Dallas: Thurs 11/18 in the lobby of the Rosewood Crescent (400 Crescent Court) 10AM-noon.

I may add a Seattle time and may do a "home game" in Palo Alto.  I look forward to seeing you.

Speak Like the Locals

[Originally written as the guest column for the PEHub Wire, Sept 22, 2010]

In Brooklyn, Old O’Malley would tell us boys about being a Flatbush kid in the Marines in 1942.  He often laughed about meeting hundreds of guys from around America who didn't seem to speak any English.  "Fugghedabouit!  Dose guys all spoke Texan!"

And, indeed, such a language divergence plagues private equity today.  After all, our performance touchstones – quartiles – emphasize the relative in an increasingly absolute world; we’re speaking one dialect and the asset allocators another.  Interestingly, relative metrics gained sway because of the dis-integration of portfolios.  Armed with copies of Pioneering Portfolio Management, asset allocators knew they wanted PE, but they found it challenging to integrate the asset class – with its illiquidity, irregular cashflows, and stale prices – into portfolio analytics.  As a result, this thrilling, but naughty asset became a part of the portfolio, while apart from it in many ways.

Having been a source of illiquid heartache during the downturn, private equity entered its post-heroic phase and many investment committees are contemplating how to re-integrate PE into their portfolios so they can think holistically again; as a result, crises of confidence abound with respect to taking on new commitments.  And perhaps the most serious problem right now is that people around the asset allocation table all speak different languages. 

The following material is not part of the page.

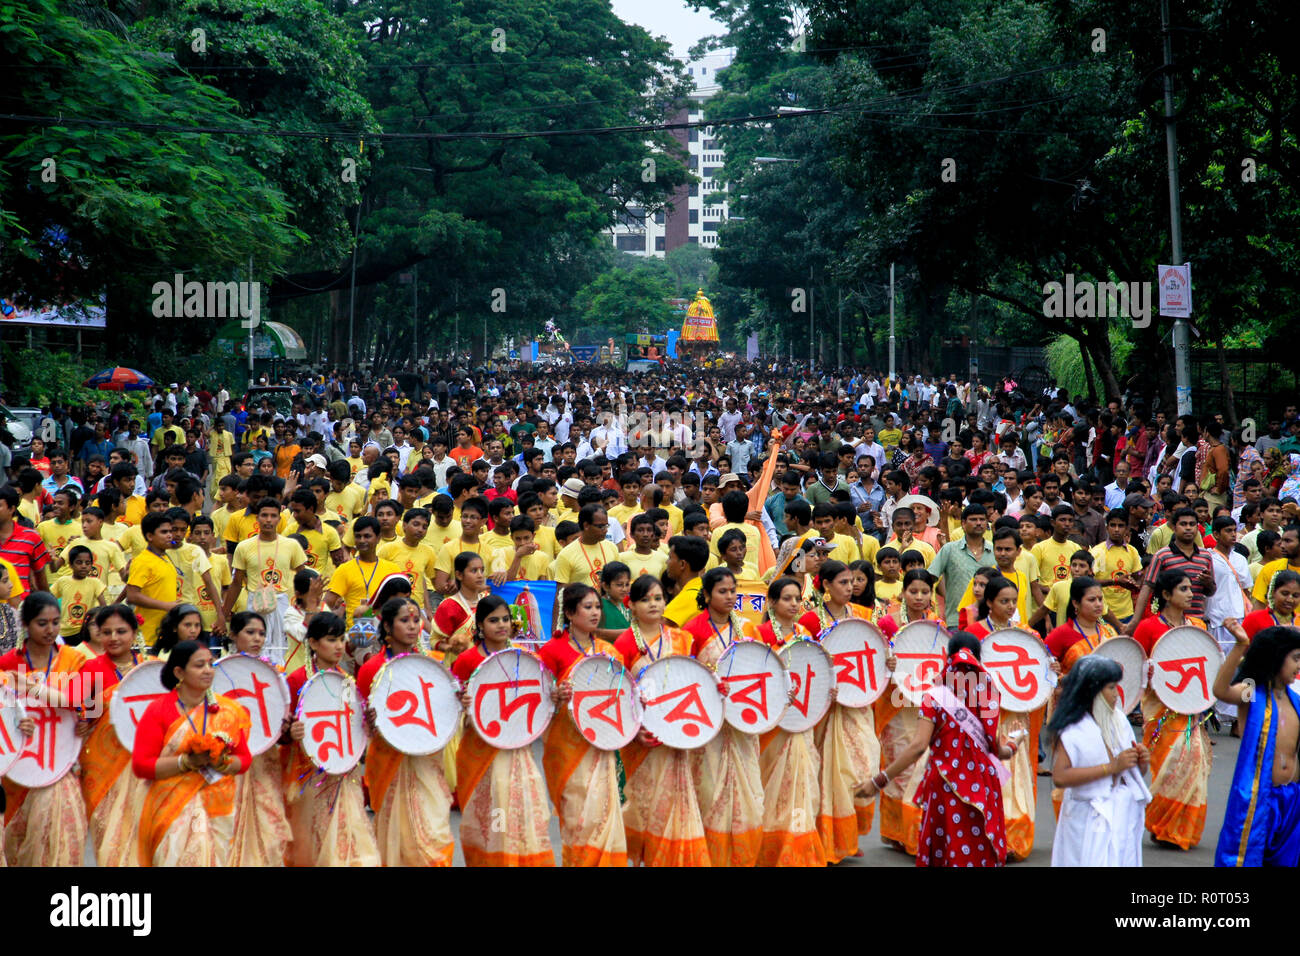 Les dévots hindous célèbrent le Rathajatra annuel Jagannath (défilé de char), l'un des plus grands festivals religieux des Hindous. Dhaka, Bangladesh Banque D'Images

In fact, a Monday meeting at an endowment or plan sponsor can be like a European Parliament meeting: there's the cat that covers VC, he's speaking a sun-drenched, passionate language analogous to Italian ("sprazzo di sole" has the same hopeful cadence as "cashflow breakeven.")  The real estate manager speaks the frenetic Merseyside Scouse of a BBC sportscaster who's seen too much hooliganism.  Meanwhile, the public market folks speak a frugal Dutch, as they haggle over single basis points in manager fees.  The hedge fund team speaks a precise, formal language that is the finance equivalent of German (too much time thinking about Sortino Ratio can give you weltschmerz, no?)

In such an environment, crowing about top quartile performance, or telling stories about “impact companies” can fall on deaf ears, particularly with the liquid asset constituents of the portfolio still resent that their portfolios were used as ATMs for increasingly frequent PE capital calls between 2004 and 2008.

So how can a GP raising a fund speak in terms that resonate across the portfolio?  First, I think we all in PE need to be more thoughtful in articulating our return expectations while taking an honest accounting of risks.  Focus not just on rear-view performance – which should properly be considered a lagging indicator, not a leading one – but also on implicit assumptions: why are your returns achievable?  In what environments will the fund outperform?  Underperform?    

Said another way, asset allocators live in worlds of probability distributions, observed risks, and well-established performance calculation; they measure and predict performance.  By failing to give thought to their metrics, we are perceived as soft and non-rigorous.  They speak the language of efficiency while we tout inefficiency; they’re from Mars and we’re from Venus.

Remember, PE is a return enhancing asset, one that must be considered in the context of the opportunity cost of equity capital; for asset allocators that cost includes the drag from the cash they have to keep at the ready for PE capital calls. 

To that end, it can be helpful to give people a sense for expectations of capital calls and distributions, with a particular eye toward what one’s doing to accelerate cashflows.  Today, liquidity is prized and it seems most folks are trying to shorten the duration of their portfolios.  Asset allocators worry about facing negative PE cashflows ad infinitum; any visibility into when cash might come back is critical.  After all, there’s nothing like returns to silence critics.  A little “moolah in the coolah” goes a long way toward answering the question on everyone’s lips when it comes to PE: “why bother?”